Opportunities are generally high to obtain superior hybrids derived from parents from an inter-population rather than parents from an intra-population. All but one of the 33 heterotic hybrids identified in this study were from inter-population crosses. Hybrids with high MPH or BPH are not necessarily commercially competitive because of low-yielding parents, such as the hybrid of V20B × IR80151B, which had the highest MPH and BPH, but low SDHI (0.3 %) and SDHH (9.1 %). The ultimate goal of hybrid rice breeding is to produce a hybrid with high yield and high heterosis over the parents and commercial checks.

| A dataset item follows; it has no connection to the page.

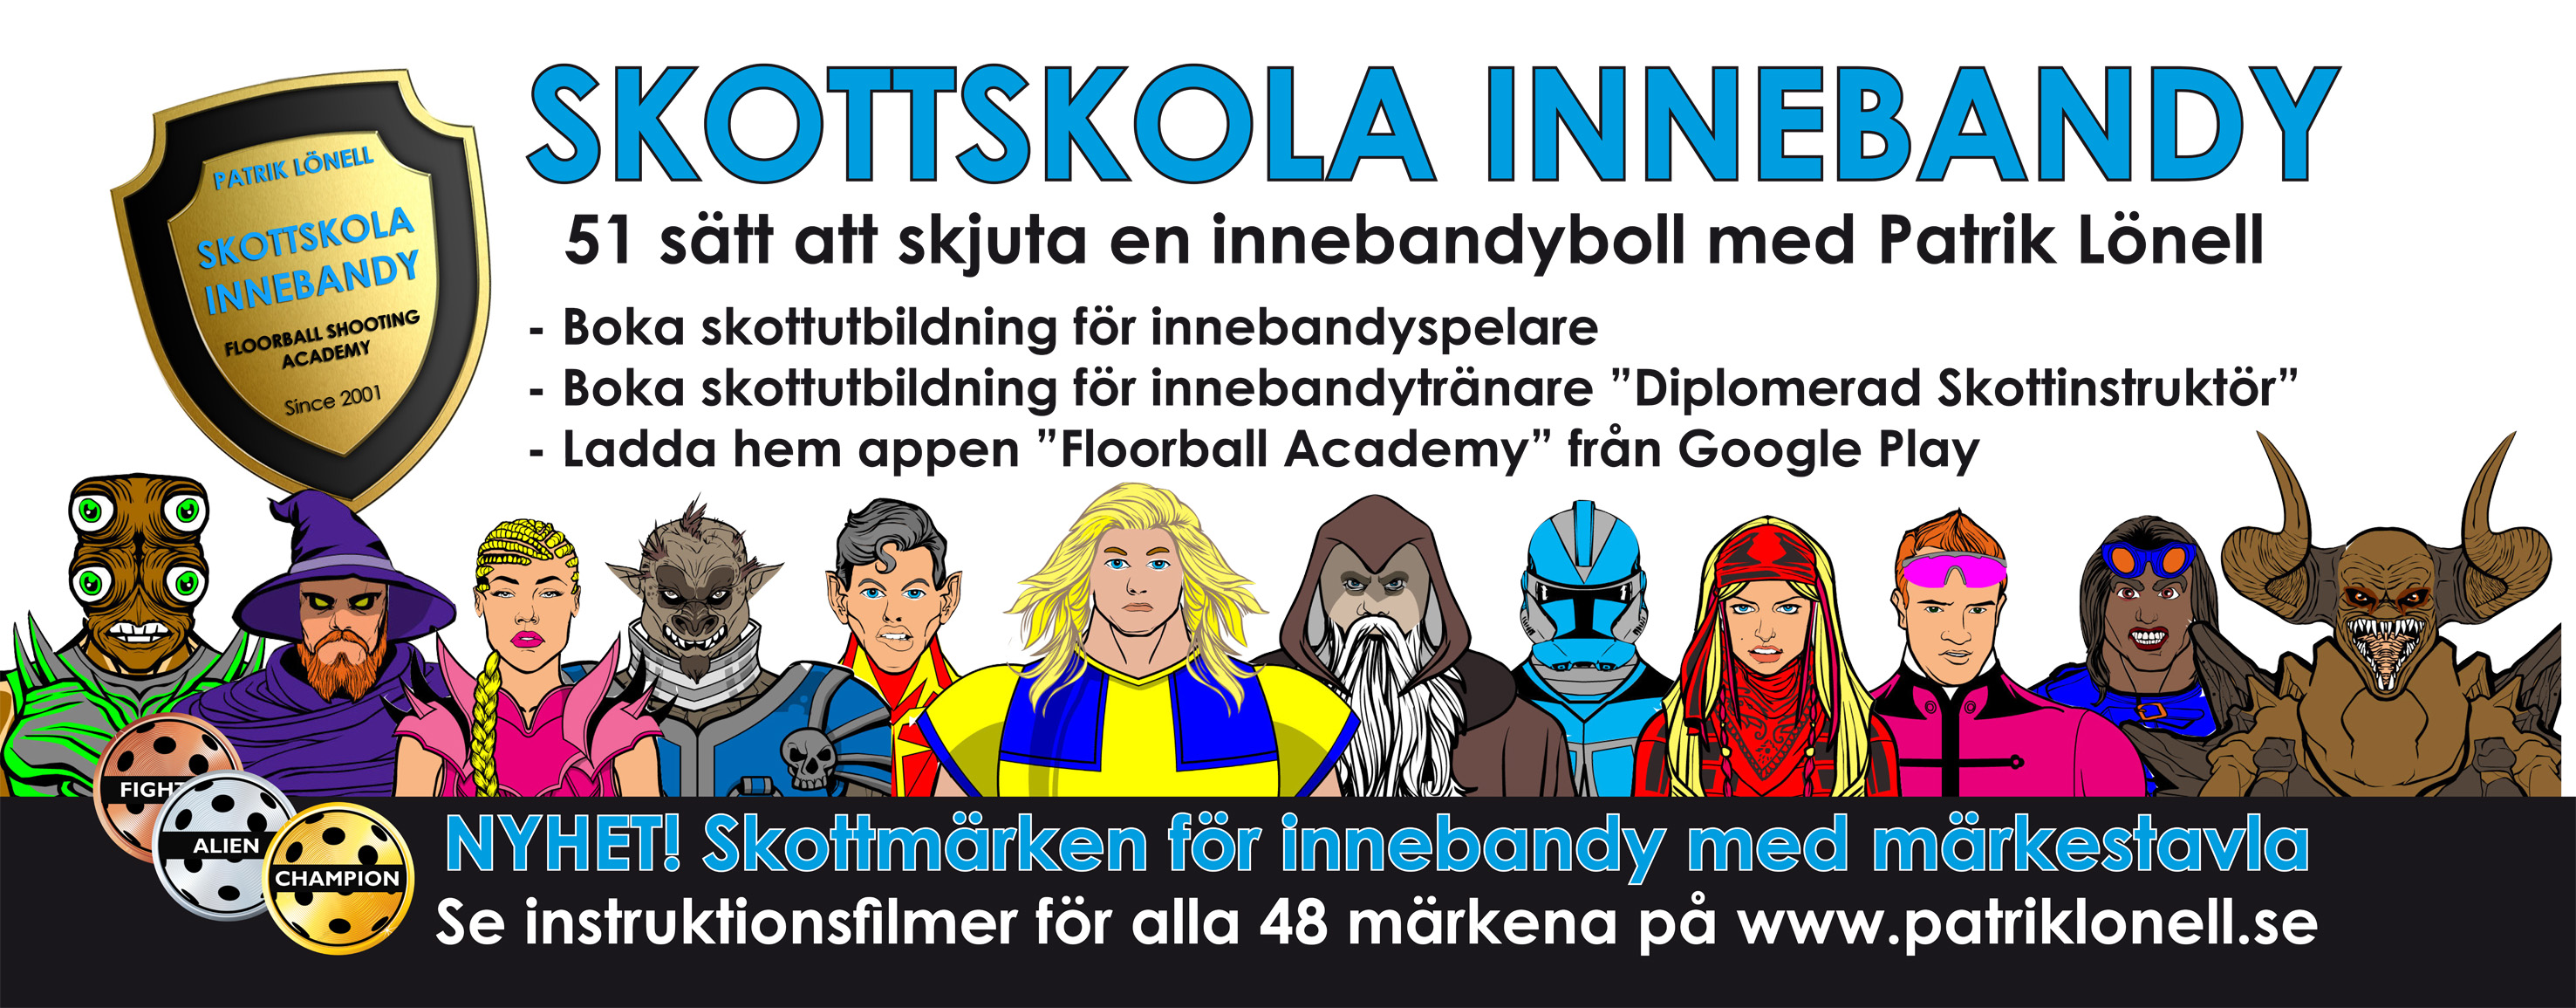 SKOTTSKOLA INNEBANDY PATRIK LÖNELL

For the tropical hybrid rice parents generated from IRRI, two heterotic groups could be classified based on current B- and R-line germplasm categories, as represented by parents in G5 and G6 as females and parents in G2 and G3 as males (Table S1). The parents with low or no possibility of producing heterotic hybrids, such as those in the G1 and G4 groups, have limited value for developing heterotic hybrids within current IRRI hybrid rice germplasm and they have to be further improved to combine with germplasm from other possible heterotic pools or to be changed to diverge from current R-line pools. G5 and G6 B-line groups combined with G2 and G3 R-line groups are our preferred choices of hybrids for current IRRI-bred hybrid rice germplasm. On average, the hybrids derived from these four crossing patterns produced 27.4, 11.9, and 14.9 % of MPH, BPH, and SDHI, respectively. We also tracked the pedigrees of all 11 IRRI-bred hybrids released in the Philippines for commercial production, and found that 6 parents were from G2 and G3 (36 %), 10 parents were from G5 and G6 (59 %), and only 1 parent was from G1, but none from G4. It should be noted that the core set of parents from this study generally fits tropical Asian environments based on current IRRI hybrid rice parents. Further heterotic groups could be changed or enhanced when new parents with new traits/germplasm are integrated and adapted to the targeted cropping region.